123cf77ac Enabled feature flag for canister backtrace feature, updated some tests accordingly.

ed45bab1d Modified Storage struct to implement lazy loading functionality, the old struct has been renamed to StorageImpl, which is now wrapped by Storage and only gets read from disk when creating page maps.

Chores:

6034537f7 Added check for NodeMetricsHistory management canister API to reject calls by ingress messages. Moved some tests from execution/general_execution_test to execution_environment/src/canister_manager/tests.

3f7fcb995 Removed wasm64_enabled argument from define_variables_and_functions and declare_variable methods.

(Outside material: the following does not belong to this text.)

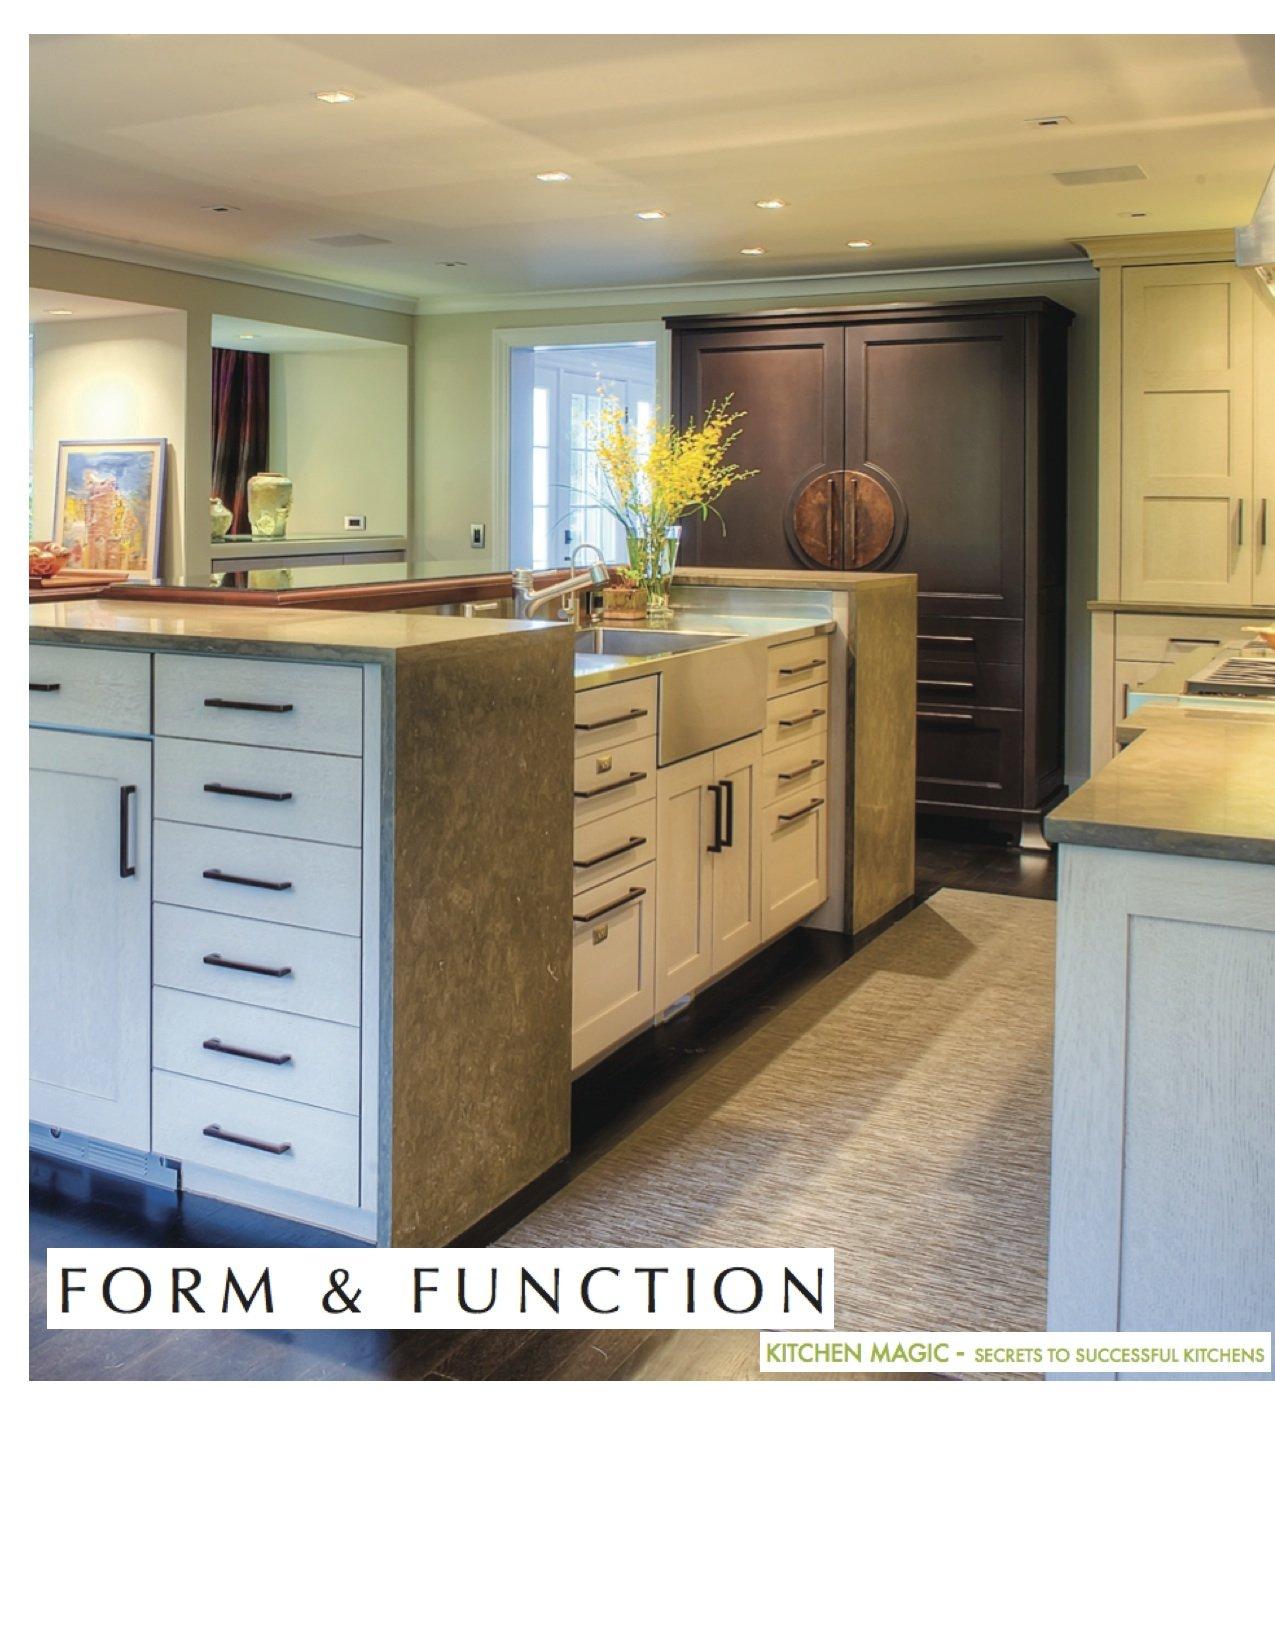 Kitchen Magic - Secrets to Successful Kitchens: 9781467541756 ...
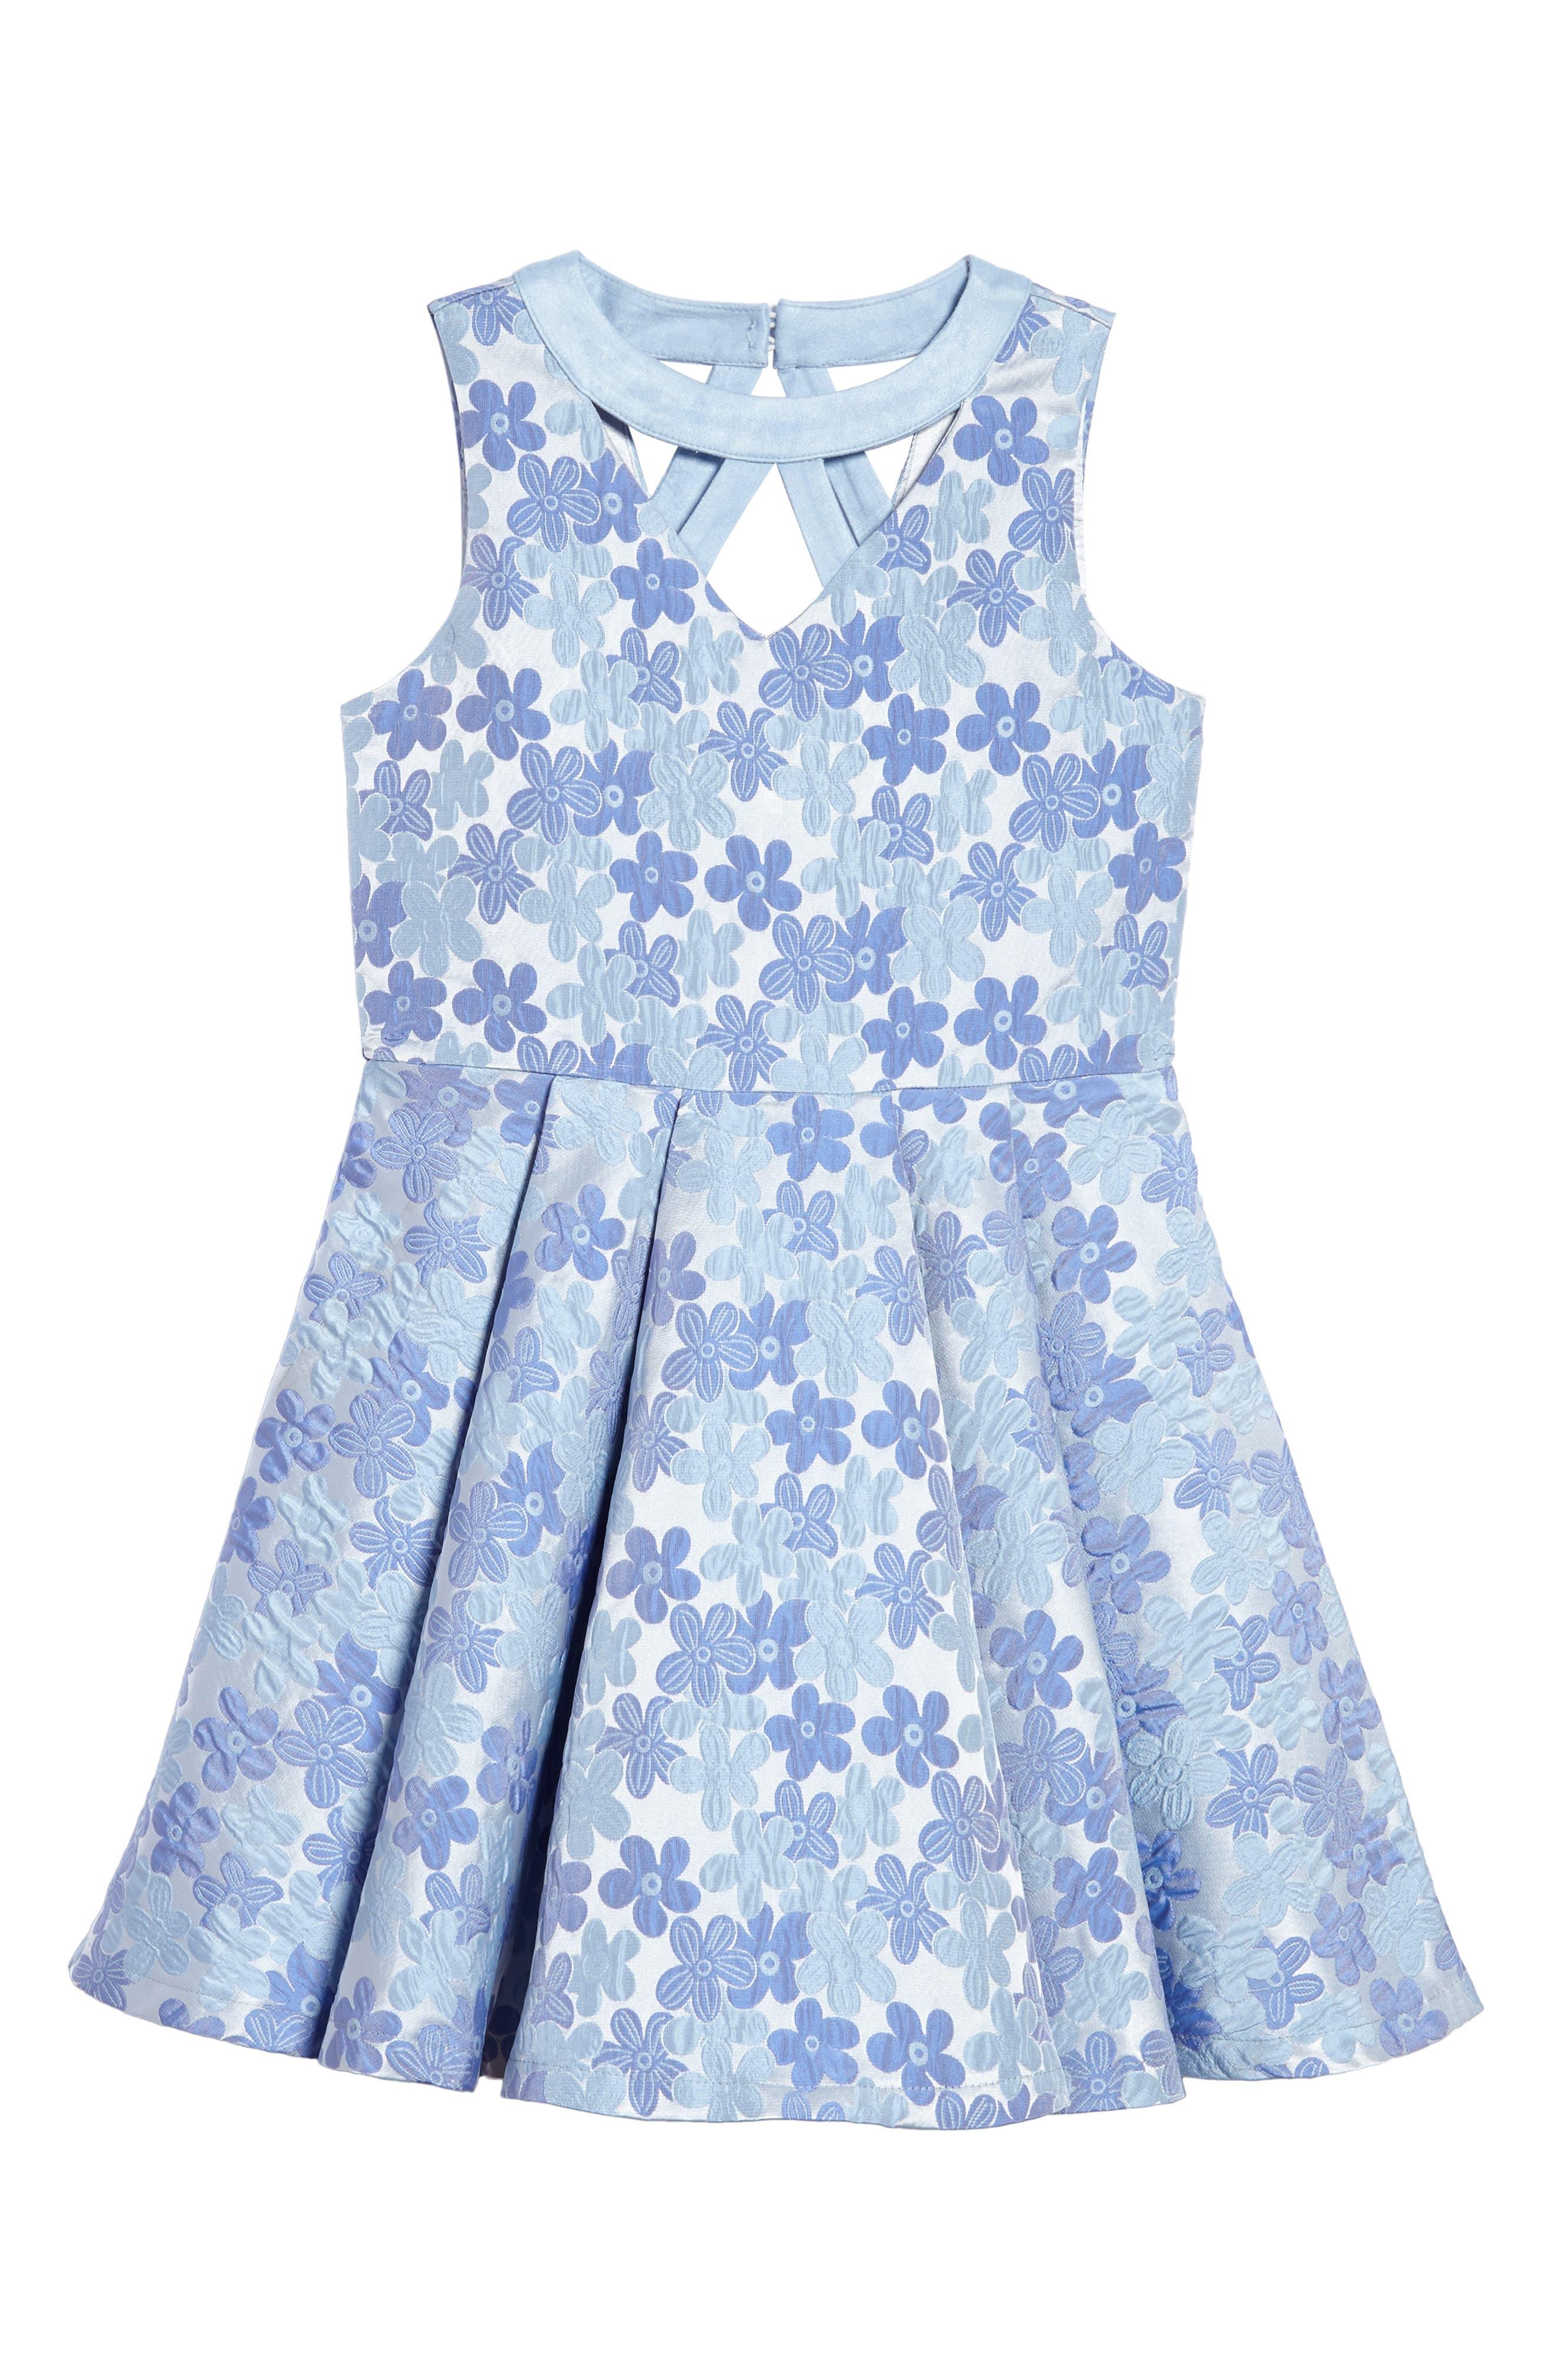 Elisa B Daisy Brocade Fit & Flare Dress (Big Girls)

073f73166 Removed TODO comments.

Refactoring:

d7cac1965 Modified get_ingress_status method return type to be an immutable reference instead of an owned value. Updated code which uses this method to account for the change.

Proposal 134186

Vote: ADOPT

Reason: Build is successful and hashes match, the proposed changes are the same as 134185 but with feature flag for hashes in block feature enabled.

Proposal 134187

Vote: ADOPT

Reason: Build is successful and hashes match, the proposed changes are the same as 134185 but with docker files updated to use linux kernel version 6.11

Proposal 134188

Vote: ADOPT

Reason: Build is successful and hashes match, the proposed changes are the same as 134185 with the only difference being a commit which reverts changes introduced in a previous release.